## Dataset extract
■ ■ ■ ■ ■

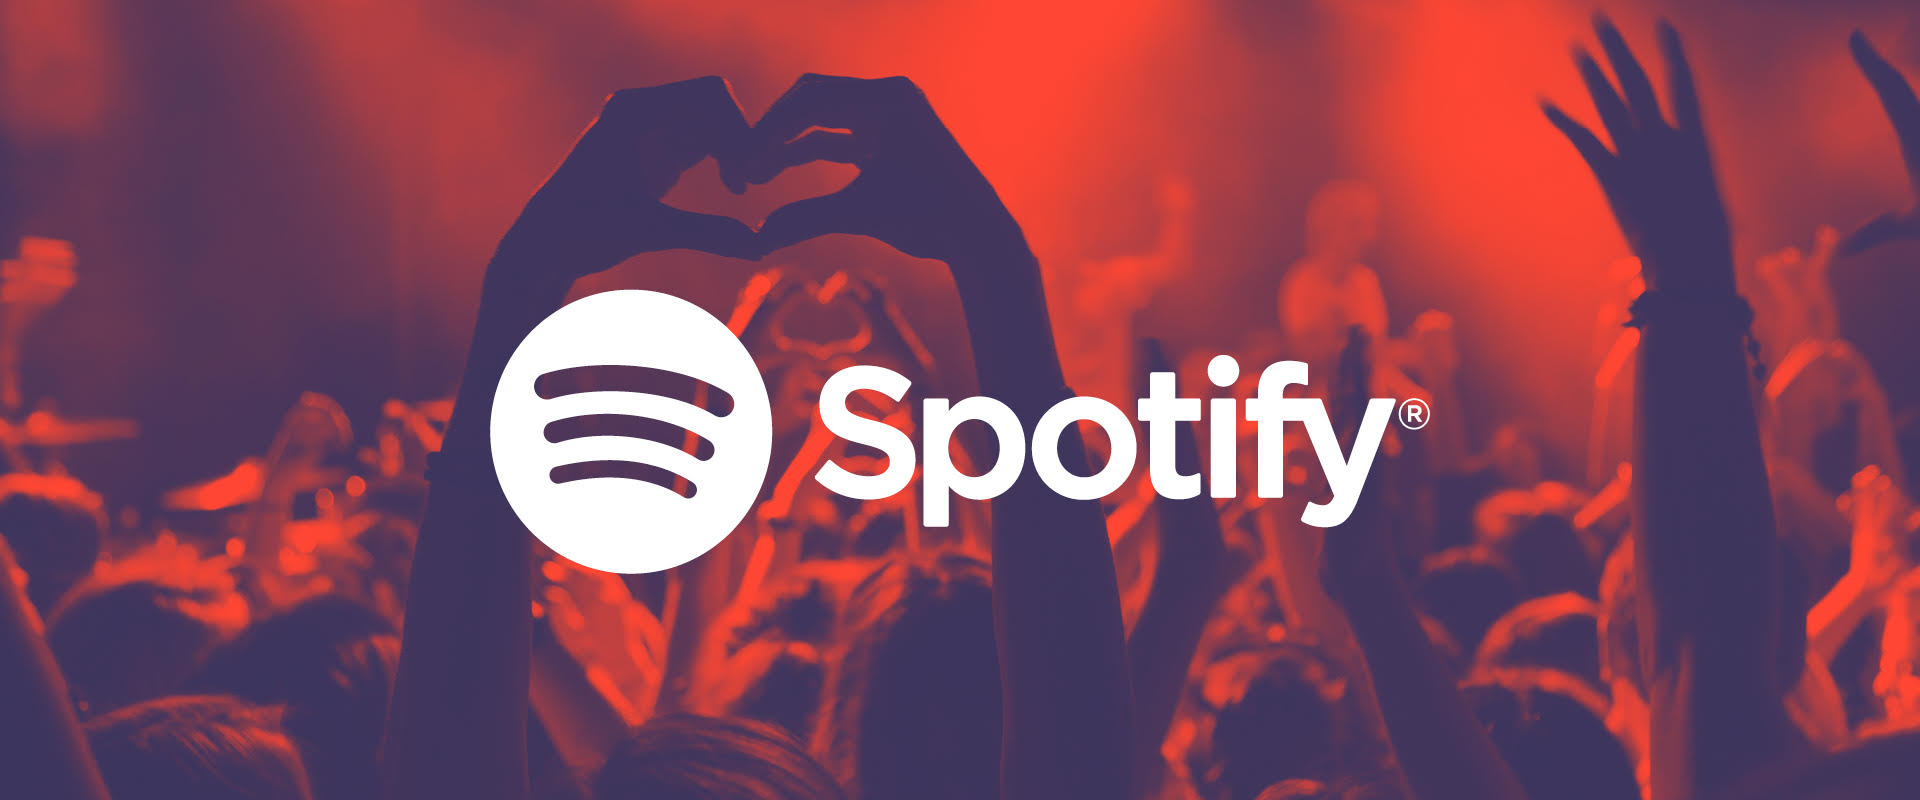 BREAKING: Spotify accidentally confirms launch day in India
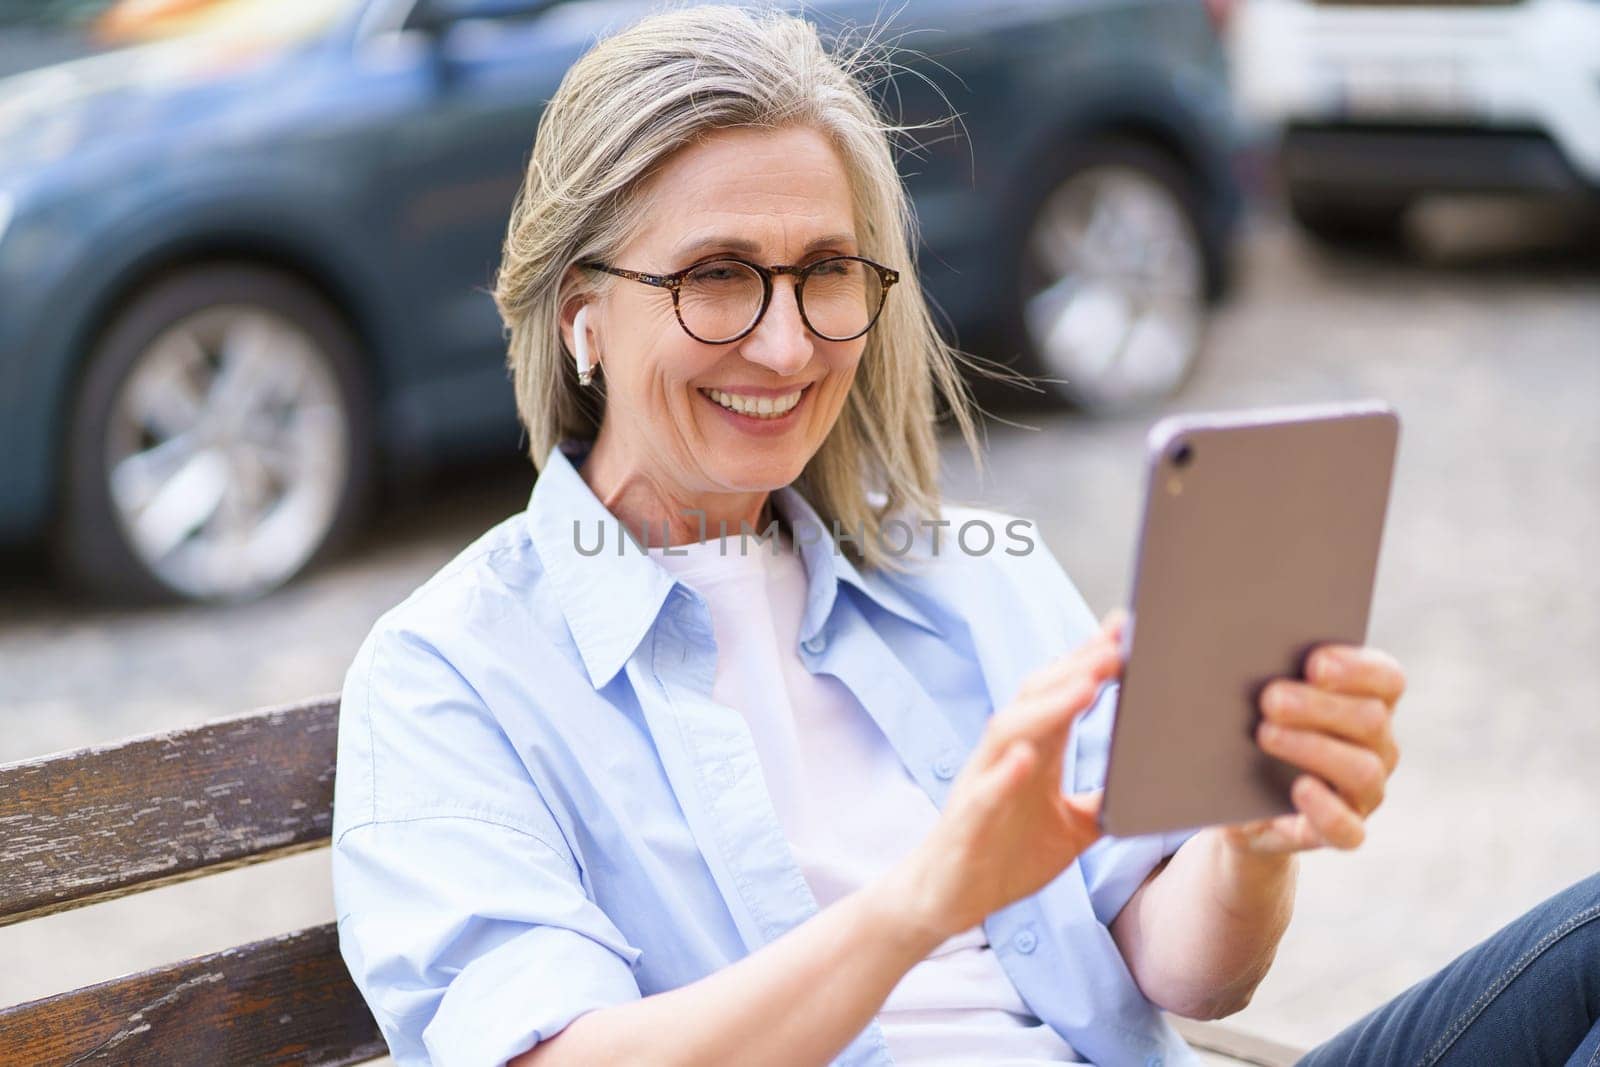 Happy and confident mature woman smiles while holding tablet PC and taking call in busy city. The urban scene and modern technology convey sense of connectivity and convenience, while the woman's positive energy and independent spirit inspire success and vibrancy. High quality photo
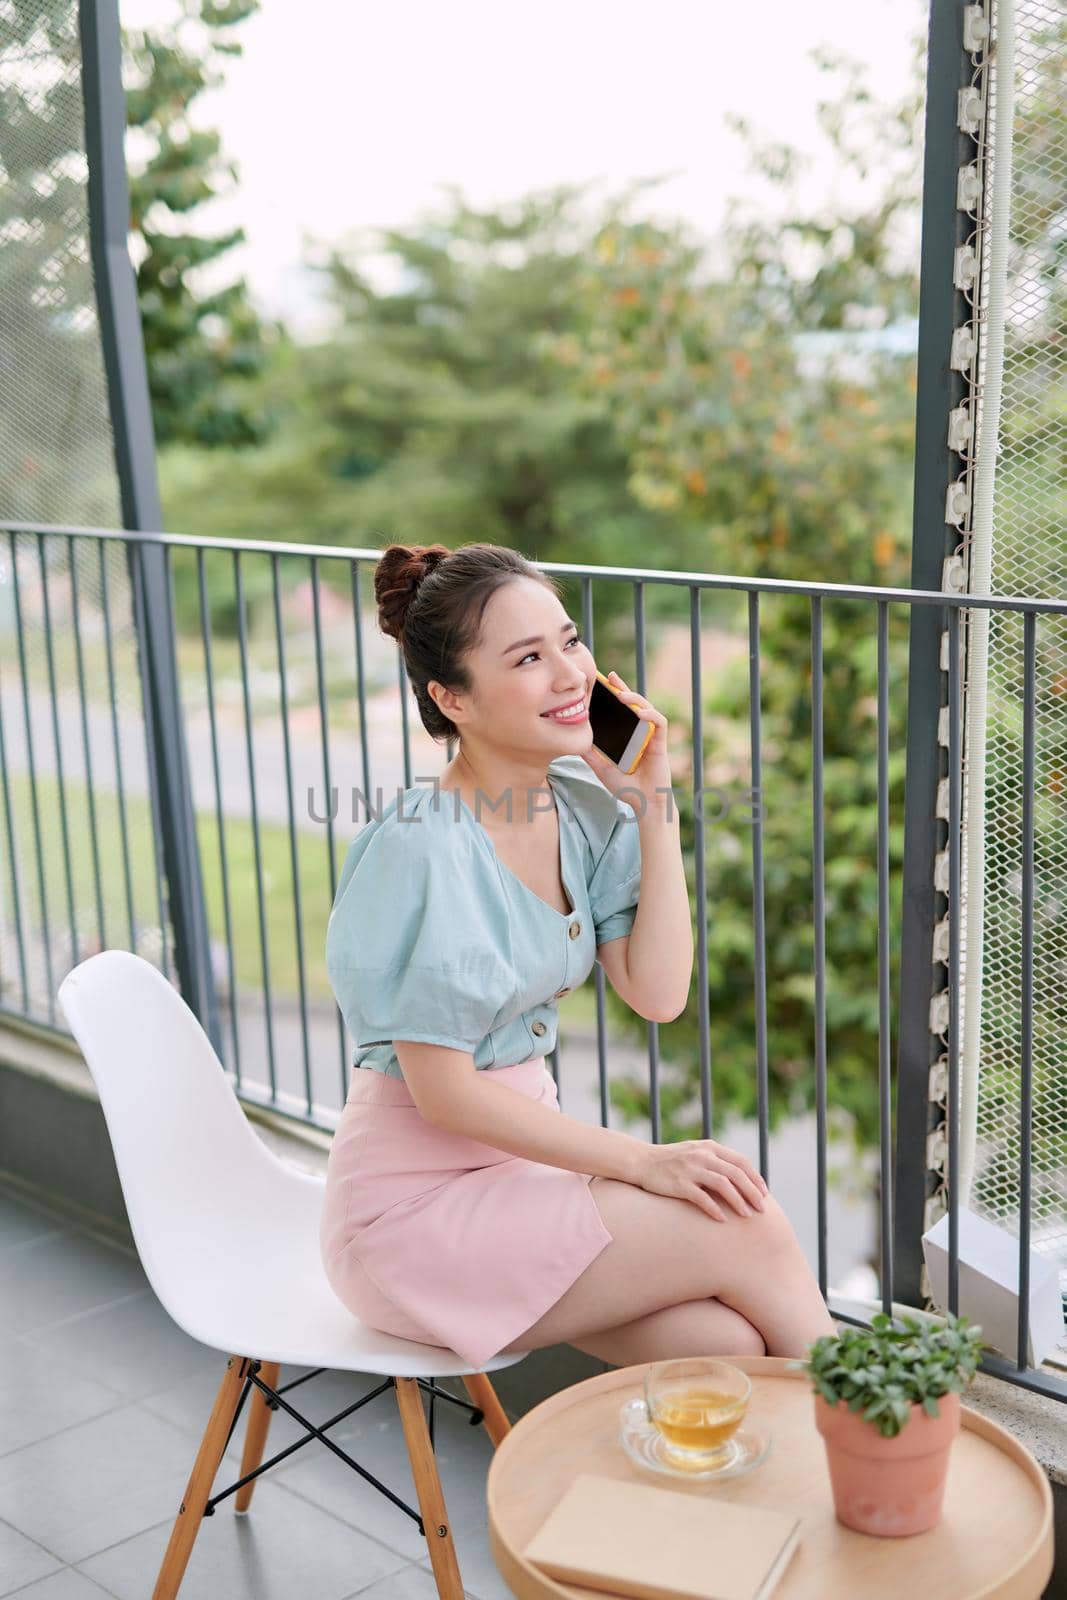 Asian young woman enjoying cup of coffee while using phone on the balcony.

■ ■ ■ ■ ■

## Required action
Without including any pictures, reproduce the data exactly.

## Response for this exercise
 BREAKING: Spotify accidentally confirms launch day in India
 Happy and confident mature woman smiles while holding tablet PC and taking call in busy city. The urban scene and modern technology convey sense of connectivity and convenience, while the woman's positive energy and independent spirit inspire success and vibrancy. High quality photo
 Asian young woman enjoying cup of coffee while using phone on the balcony.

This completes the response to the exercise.